## [Exercise brief]
Repeat the data exactly, leaving out any image.

## [Provided material]

[Start of section]

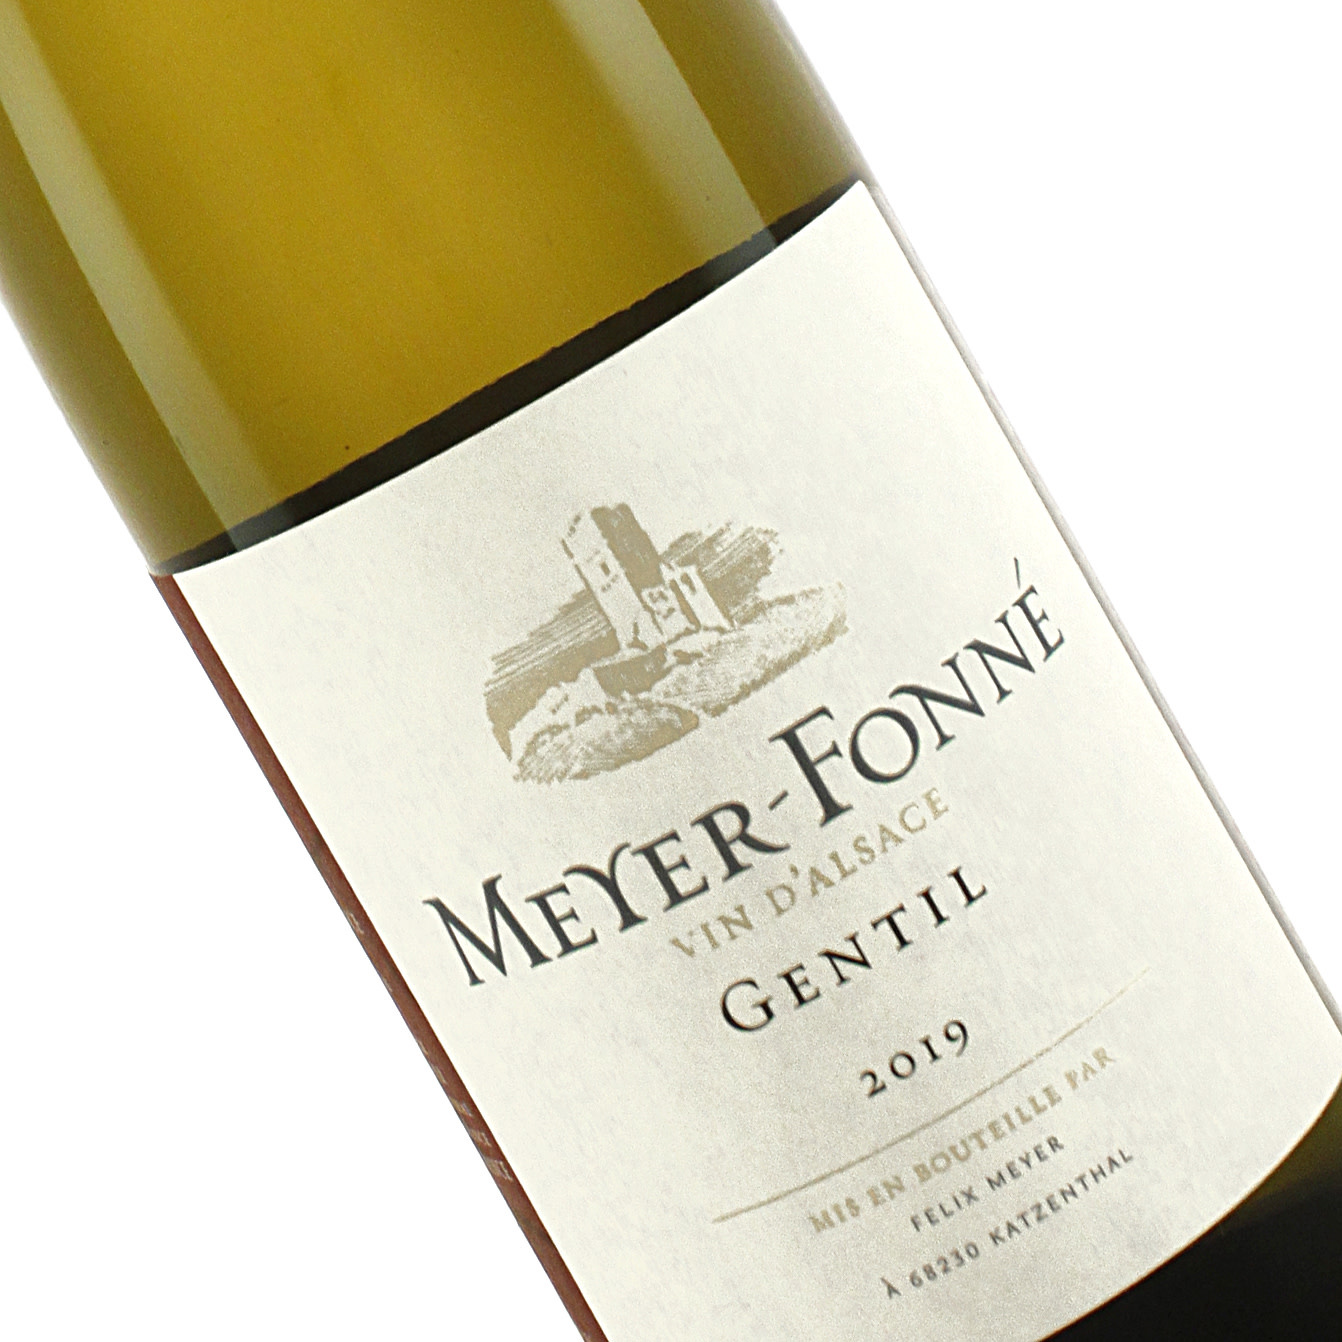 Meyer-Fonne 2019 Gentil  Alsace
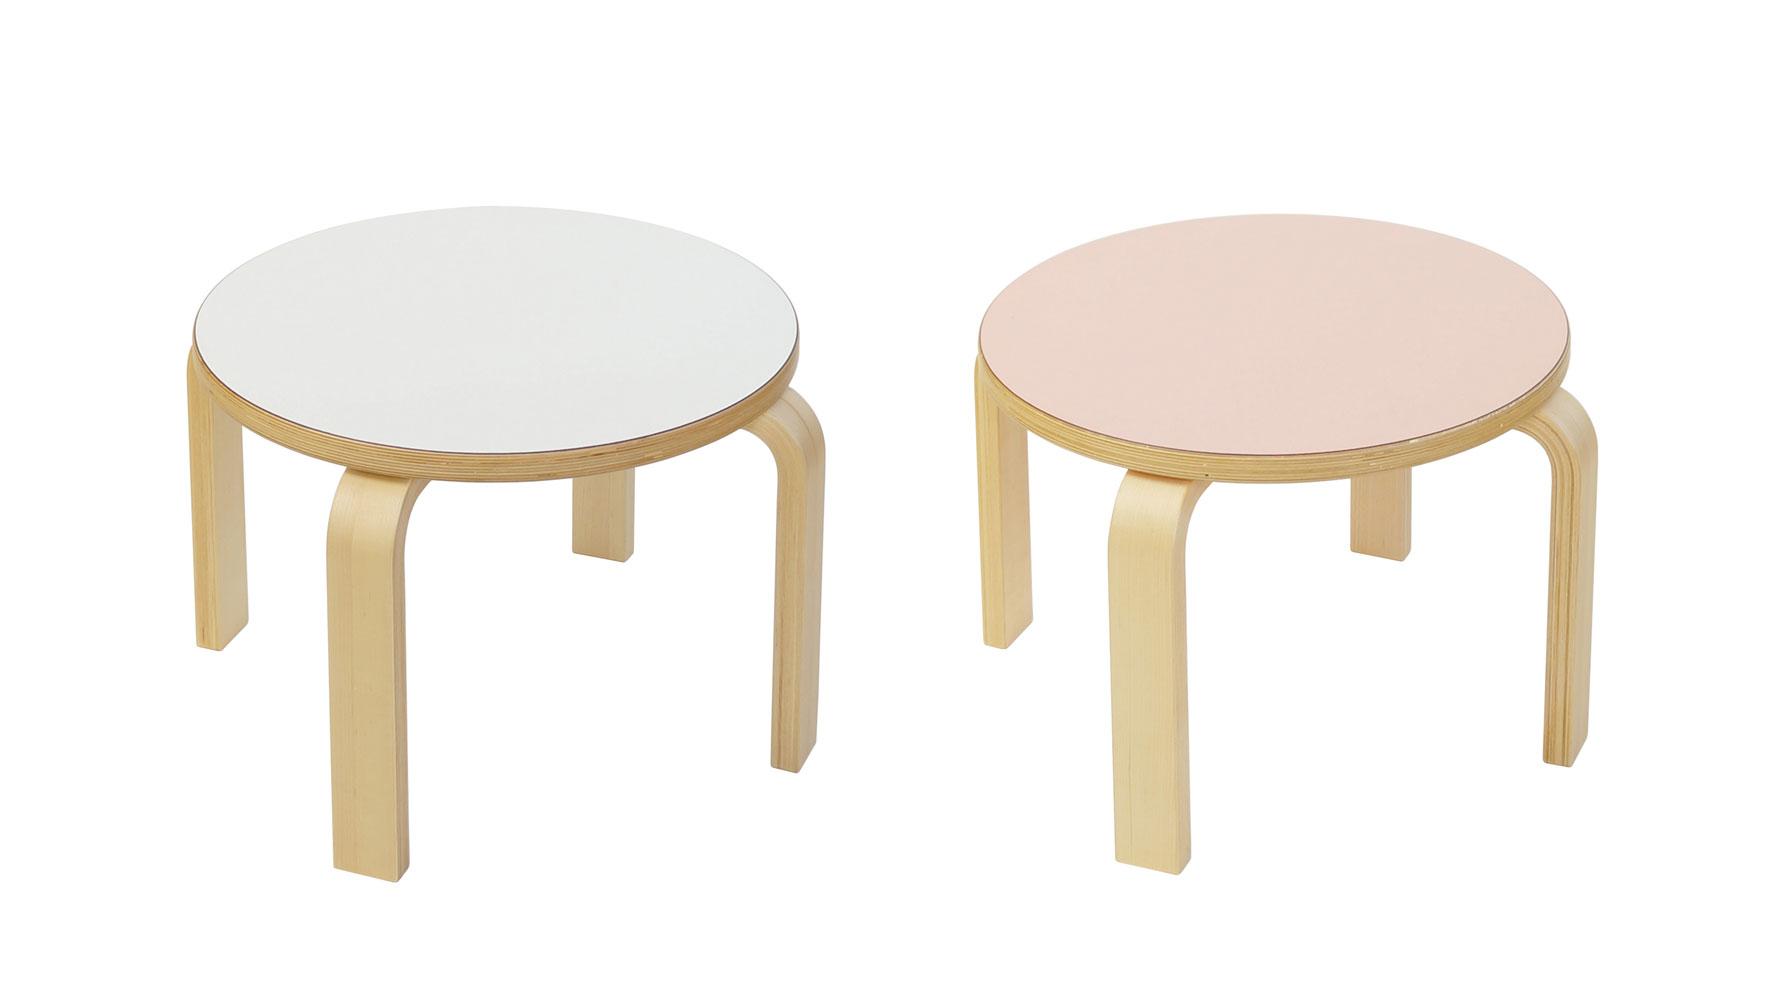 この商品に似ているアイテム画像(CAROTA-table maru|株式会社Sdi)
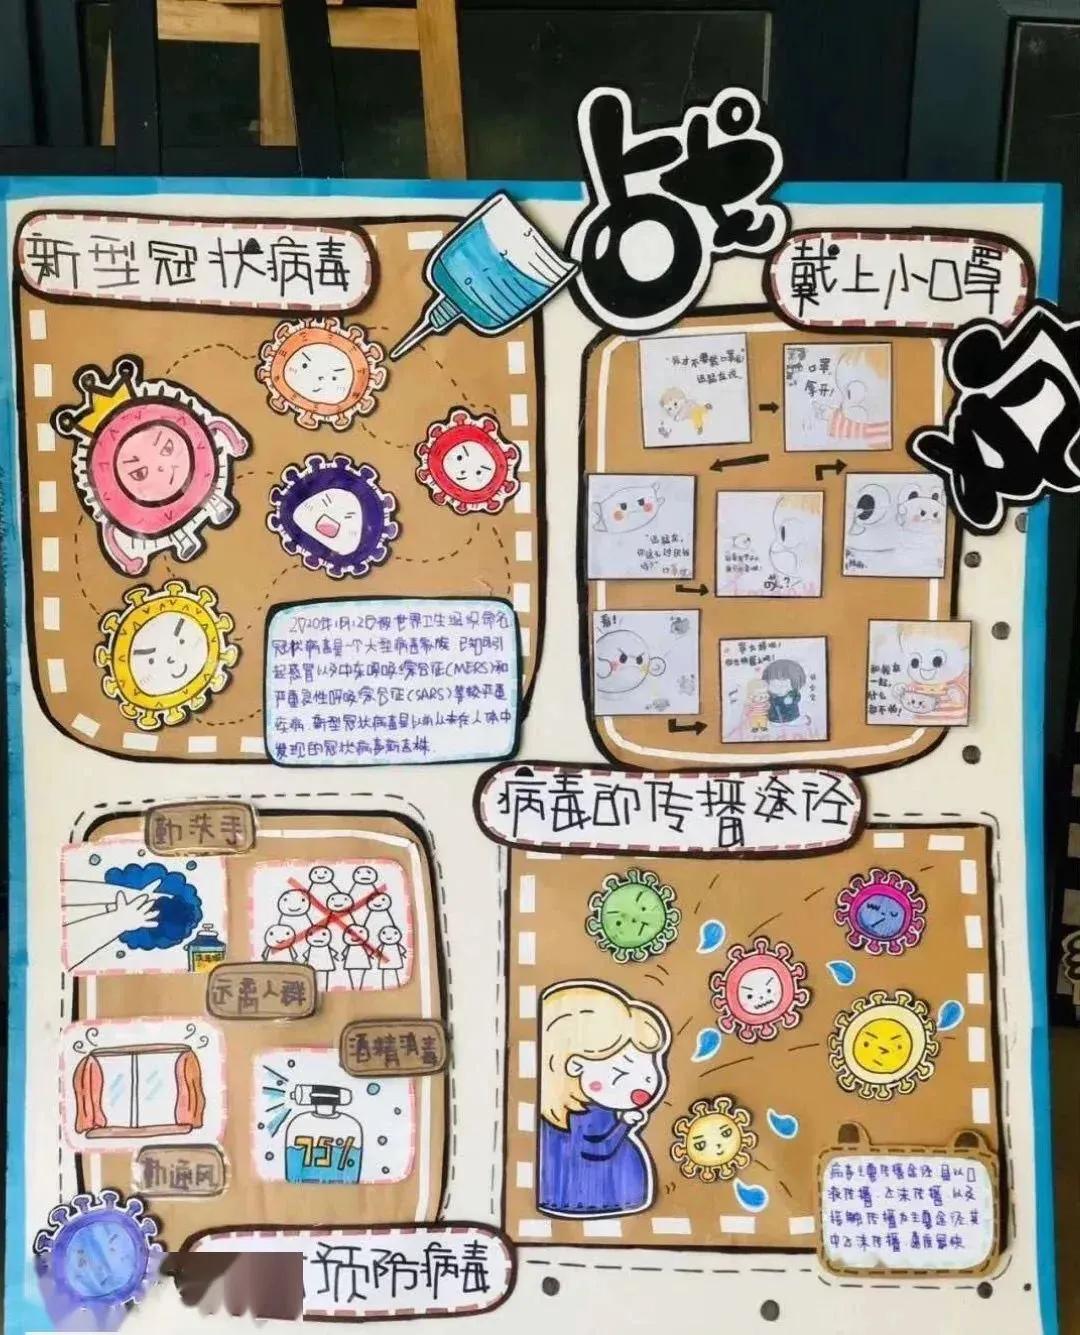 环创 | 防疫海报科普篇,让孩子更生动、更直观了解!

[End of section]

## [Answer to this task]
 Meyer-Fonne 2019 Gentil  Alsace
 この商品に似ているアイテム画像(CAROTA-table maru|株式会社Sdi)
 环创 | 防疫海报科普篇,让孩子更生动、更直观了解!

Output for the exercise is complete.